Thorough Contract Review: The First Step to Reducing Legal Risks
Specify "Intentional Misconduct or Gross Negligence" to Avoid Excessive Liability
Delete Illegal Clauses Such as "Special Redemption Rights"
"Strengthen Negotiation Power to Remove
In advanced venture markets such as the United States and Israel, failure in starting a business is regarded as valuable experience and serves as a stepping stone for future attempts. However, in South Korea, failure still acts as a stigma for entrepreneurs and even blocks the path to a comeback. In particular, the litigation risks that require founders to take personal responsibility for corporate liabilities under investment agreements are especially critical. This three-part series analyzes recent lawsuits between startups and investors in Korea, strategies for avoiding toxic clauses in contracts, and more.
The first step for startup founders to prevent legal disputes such as lawsuits is to thoroughly review investment agreements. While contracts with investors are an essential process for business expansion and securing funds, they also impose significant responsibilities and obligations on founders. If founders hastily sign unfavorable terms in their eagerness to attract investment, they risk being exposed to excessive legal liabilities.
Experts recommend including a clear limitation of liability clause in the contract, specifying that the founder is only responsible when at fault. They emphasize that this is a key strategy to prevent the practice of indiscriminately holding founders liable for minor mistakes or trivial breaches of obligation.
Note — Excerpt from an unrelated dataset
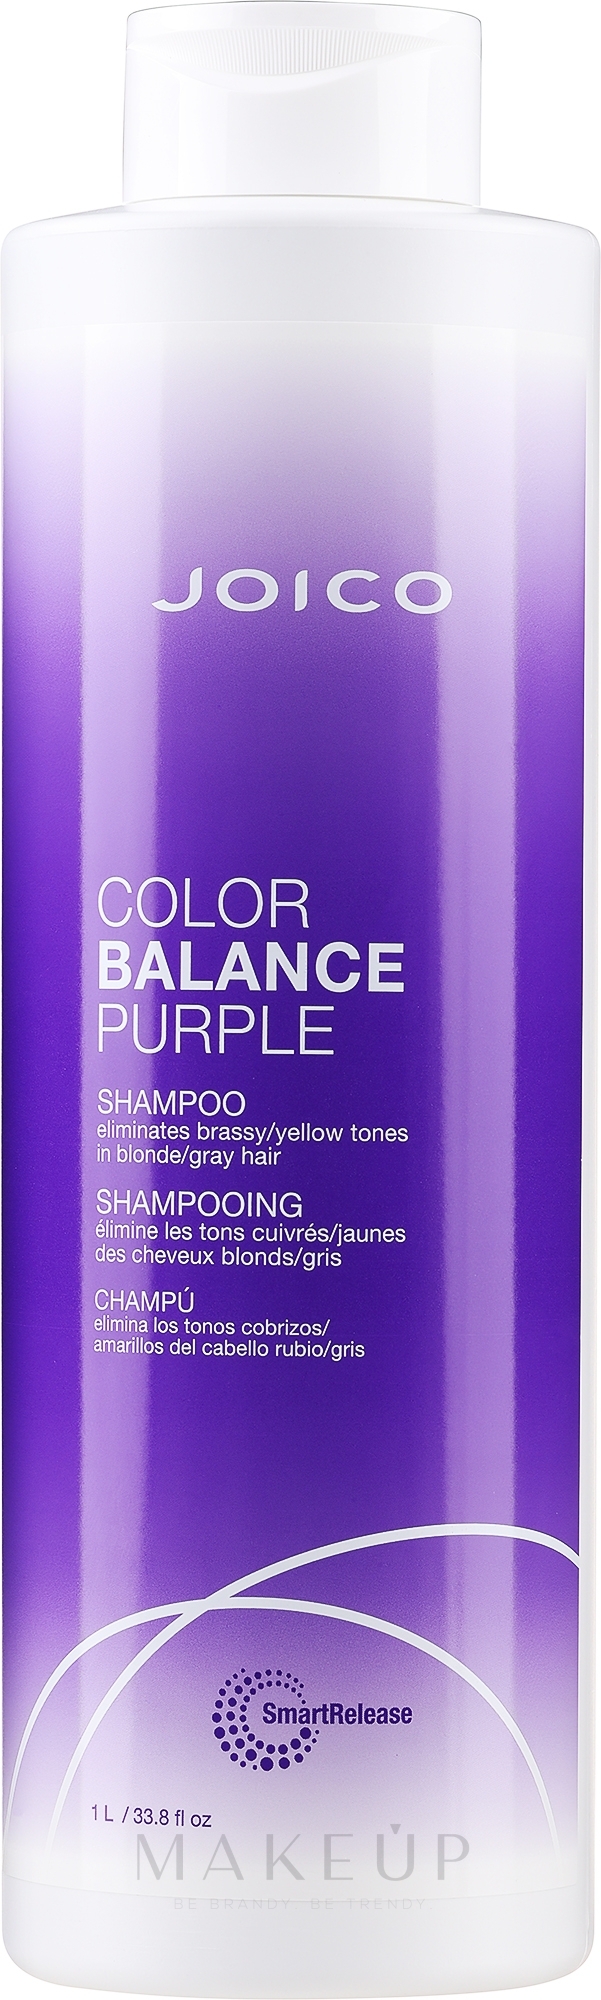 Shampoo für blondes und graues Haar - Joico Color Balance Purple Shampoo — Bild 1000 ml

Put Options That Burden Founders: Limiting Liability Is Key
The share subscription agreement is one of the contracts that founders must pay particular attention to. This agreement, which governs the rights and obligations when a company issues new shares and investors pay for them, often includes not only the company and investors but also founders and other stakeholders as parties to the contract in Korea. Therefore, every clause must be carefully reviewed.
One notable example is the put option clause, or the right to demand share repurchase, which can impose excessive responsibility on founders. A put option allows the investor to sell their shares back to the company or stakeholders at a predetermined price if certain conditions specified in the contract are met. While this is generally used as a safeguard for investors to protect against losses, Korean commercial law restricts the extent to which companies can acquire their own shares. As a result, the burden of the put option often falls on the founder personally.
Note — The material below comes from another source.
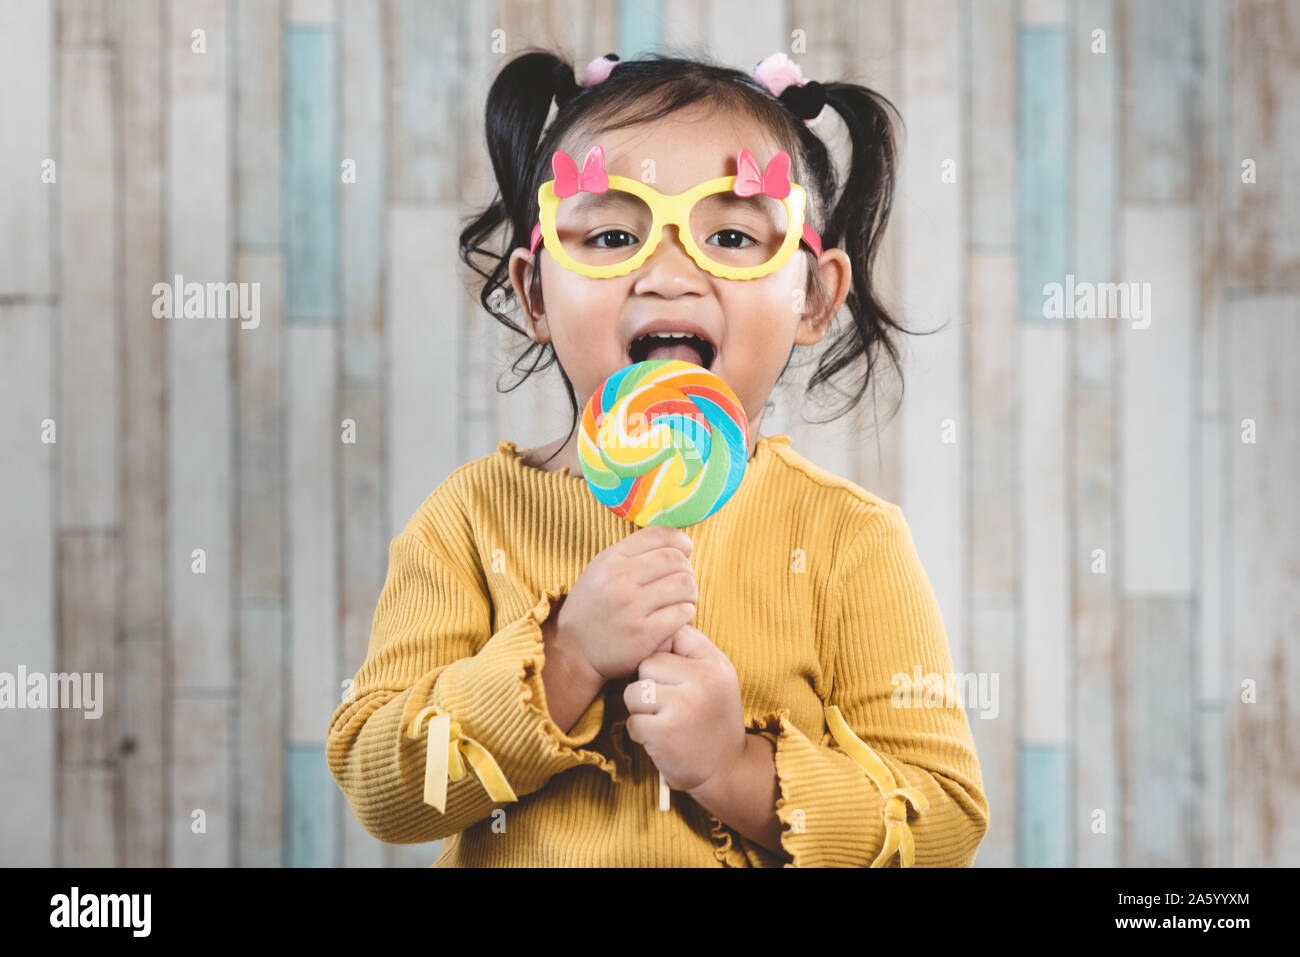 Süße kleine asiatische Mädchen halten und essen eine bunte Lollipop. Konzept der Mundpflege und Süßigkeiten Tag Stockfoto

Ahn Heecheol, an attorney at DLJ Law Firm specializing in startups and mergers & acquisitions, stated, "Although imposing joint liability on founders is currently prohibited, there are insufficient legal safeguards to prevent put option demands." He advised, "Since founders can still be held responsible even in the absence of fault or for minor breaches, it is appropriate to draft the clause so that the founder is only obligated to repurchase shares in cases of intentional misconduct or gross negligence."
Another clause that should not be overlooked is the mandatory initial public offering (IPO) provision, which investors often include as an exit safeguard. Lawsuits for damages following a failed IPO can become a significant burden for both startups and founders. Moon Sung, an attorney at Yulchon Law Firm, emphasized, "At the contract stage, the obligation to pursue an IPO should be limited to a 'best efforts' obligation." He added, "Given that IPOs have become increasingly difficult, it is necessary to clearly define force majeure events caused by market conditions or other external factors, and to negotiate for alternative options such as mergers & acquisitions or the sale of existing shares instead of an IPO."
Defending Management Rights and Equity: The Need for Specific Limitations
Clauses that directly affect the founder's equity stake and management rights also require special attention. A typical example is the refixing clause, which investors include to prevent dilution of their shares. Refixed conversion price clauses allow the conversion price of preferred shares into common shares to be adjusted depending on circumstances. For instance, if the company's performance or stock price falls short of expectations, the conversion price for the investor's preferred shares may be lowered, allowing them to convert to a greater number of common shares. This can lead to a sharp decrease in the founder's equity stake. Therefore, it is necessary to limit the conditions and scope related to the conversion price.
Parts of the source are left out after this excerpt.